Owning it: When ‘a rose, by any other name’ meets ‘it is what it is’

Published 12:00 am Tuesday, August 16, 2016

Owning it: When ‘a rose, by any other name’ meets ‘it is what it is’

STARKVILLE – Let me get this straight – Democrats who were “conservatives” from Reconstruction until over a century later in Mississippi weren’t really Democrats because the party has evolved.
But “conservative” Republicans today are both responsible for Mississippi’s state government woes after gaining full control of it only in 2012 and also are – in the same context – really Republicans not given credit for a corresponding evolution?
Oh, yes, and the state of Mississippi’s public education system, public health care, mental health care, transportation and infrastructure, corrections, and a host of other responsibilities of government were in really great shape before the GOP took control and ruined it?
Talk about whistling Dixie.
When I wrote recently about what I called “the Neshoba narrative” by high profile Democrats at the annual campground fair and in other political forums over the summer, I had no idea that it would engage some of my fellow scribes to the extent that it apparently did.

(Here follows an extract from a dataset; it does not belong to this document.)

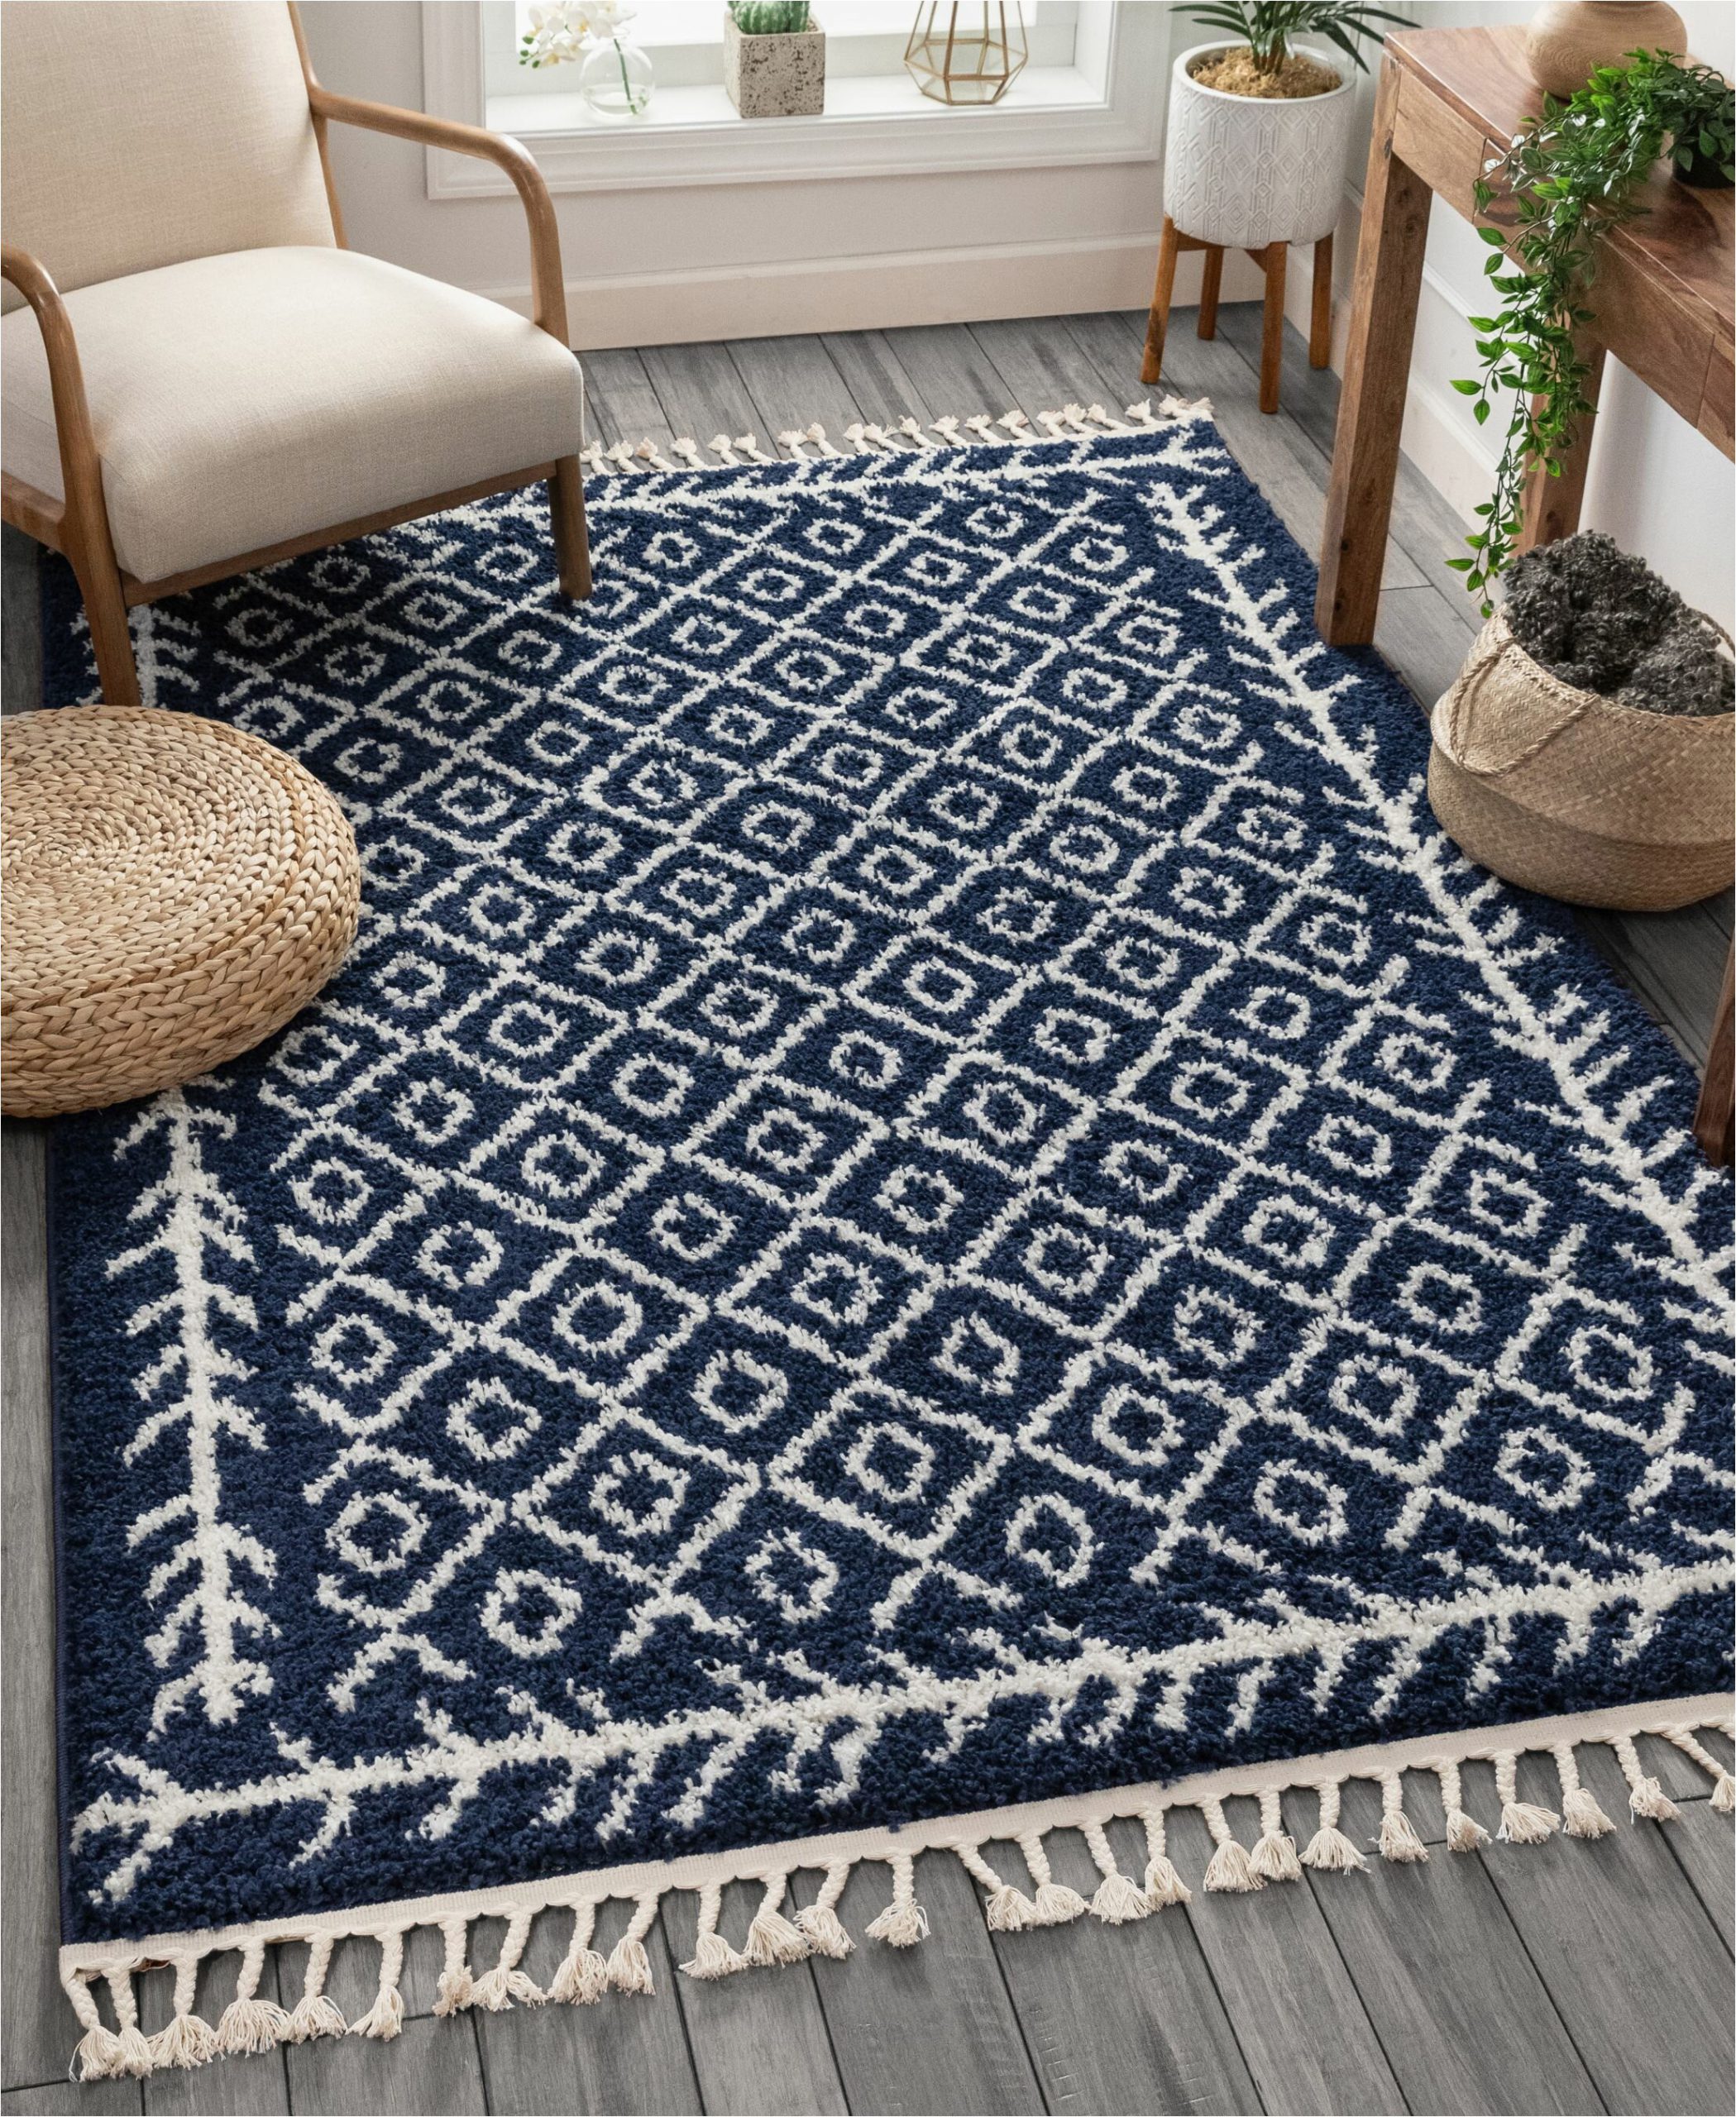 cabana geometric bluewhite area rug

State Democrats have argued – and from a strategic standpoint it’s a smart argument – that if you have a problem in state government in Mississippi right now, blame it on the Republicans who are in power.

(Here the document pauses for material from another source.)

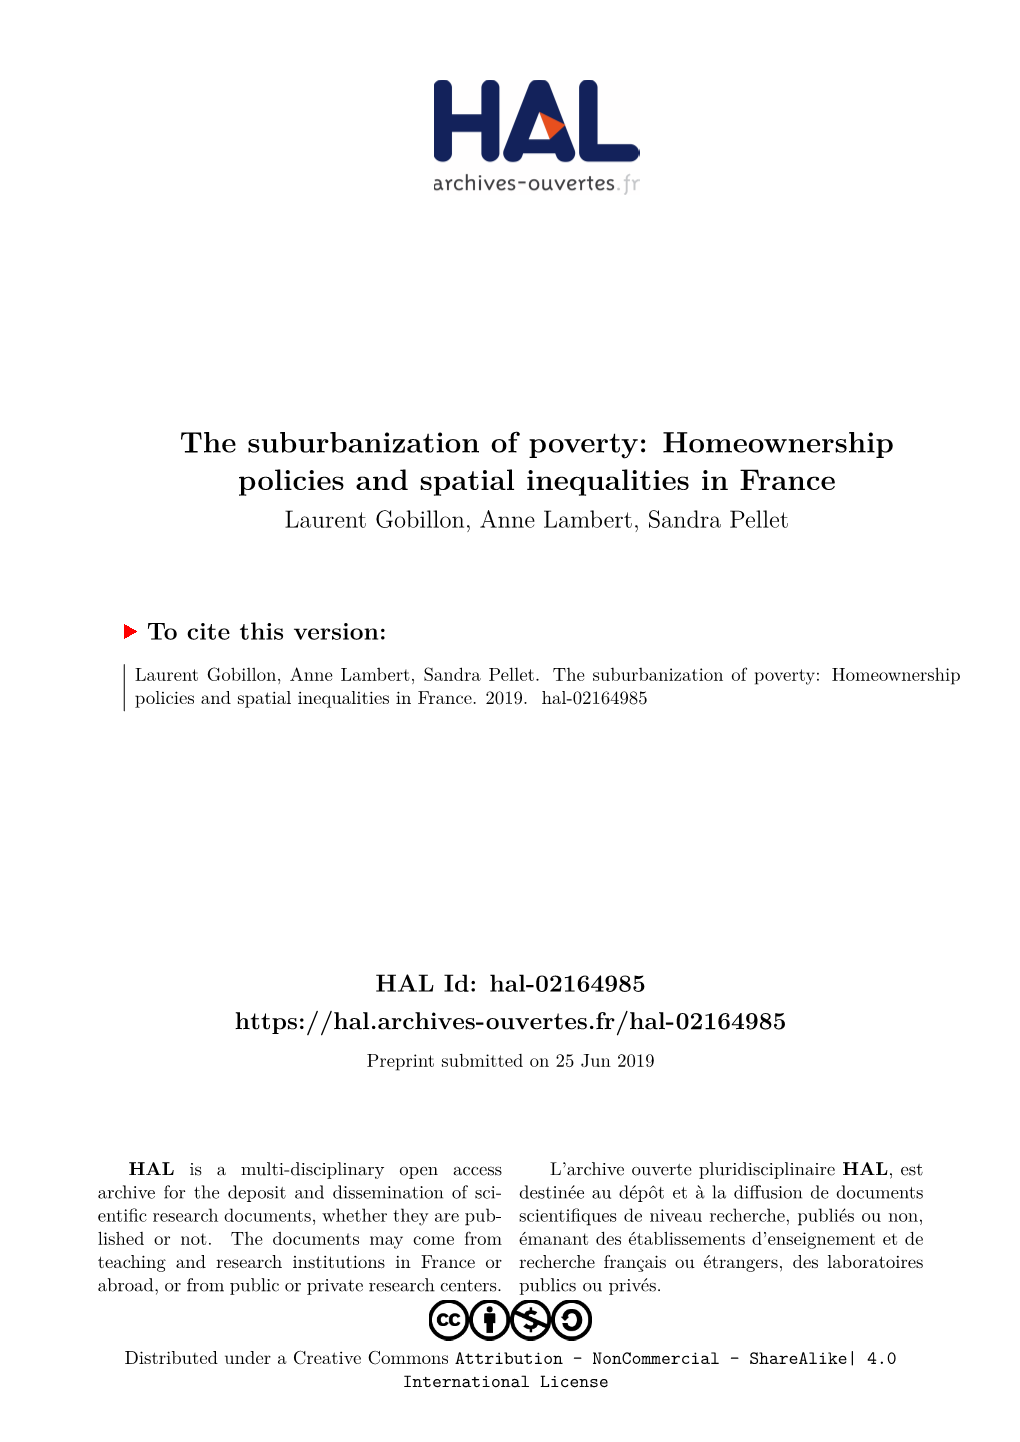 Homeownership Policies and Spatial Inequalities in France Laurent Gobillon, Anne Lambert, Sandra Pellet

One forceful Democrat has argued that the state’s current Republican leadership should “own” the problems that have occurred on their watch. My column suggested that from a historical standpoint, such ownership of those problems was a far more complex and nuanced proposition.
Problems that confront state government today are neither ones that developed recently nor are they problems that didn’t exist when Democrats held total state political control. In reality, for a number of state Democrats now hewing to the “Neshoba narrative” line, the policies targeted are policies that a number of Democratic lawmakers actually voted to adopt.
But the more specious argument is the suggestion that while the Democratic Party has evolved and changed and that it’s “conservatives” rather than “Democrats” who should own their portion of responsibility for Mississippi’s policy problems of longstanding. Again, history suggests otherwise.
After the Republican Reconstruction government established in Mississippi in 1865 and led almost exclusively by black public officials was deposed by Mississippi Democrats in the 1875 elections, the Republican Party in Mississippi faded into irrelevance for a time.
But in 1924, enter an ambitious young black attorney from Ebenezer, Mississippi named Perry W. Howard who would dominate the Mississippi “Black-and-Tan” Republican Party for the next 35 years. Essentially, the state’s GOP operated out of a black lawyer’s mailbox during that time.
Mississippi authors Jere Nash and Andy Taggart chronicled Howard’s leadership of the state’s GOP in their book “Mississippi Politics: The Struggle for Power, 1976-2008.” In that account, Nash and Taggart wrote: “Republicans in Mississippi during this time rarely fielded candidates for office, spending more time fighting among themselves than in recruiting candidates for public office.”
Between 1927 and 1960, Howard’s Mississippi Black-and-Tan Republican Party battled for recognition from the national GOP with so-called “Lily-White Republicans” — a battle eventually won by the Lily-White faction led by Mississippi Republican pioneer Wirt Yerger Jr. While the old Black-and-Tan GOP in Mississippi was about little more than controlling and brokering GOP patronage, Yerger’s group was all about growing a viable, credible alternative to the state’s formerly monolithic Democratic Party.
The truth is that both major political parties evolved and changed. The argument that the Democratic Party of today looks very different than the party that existed in 1890 or 1948 or even 1968 is absolutely true – but the same should be said of Mississippi’s GOP.
Poverty, insularity, racial mistrust, and an agrarian economy that was slow to change are non-partisan problems. The current Mississippi GOP indeed is in charge now and bears significant responsibility for the state’s ultimate destination. But it’s both fair and accurate to note that many of these vexing issues – at the core taxing and spending decisions –  are issues that weren’t solved under decades of Democratic leadership, either.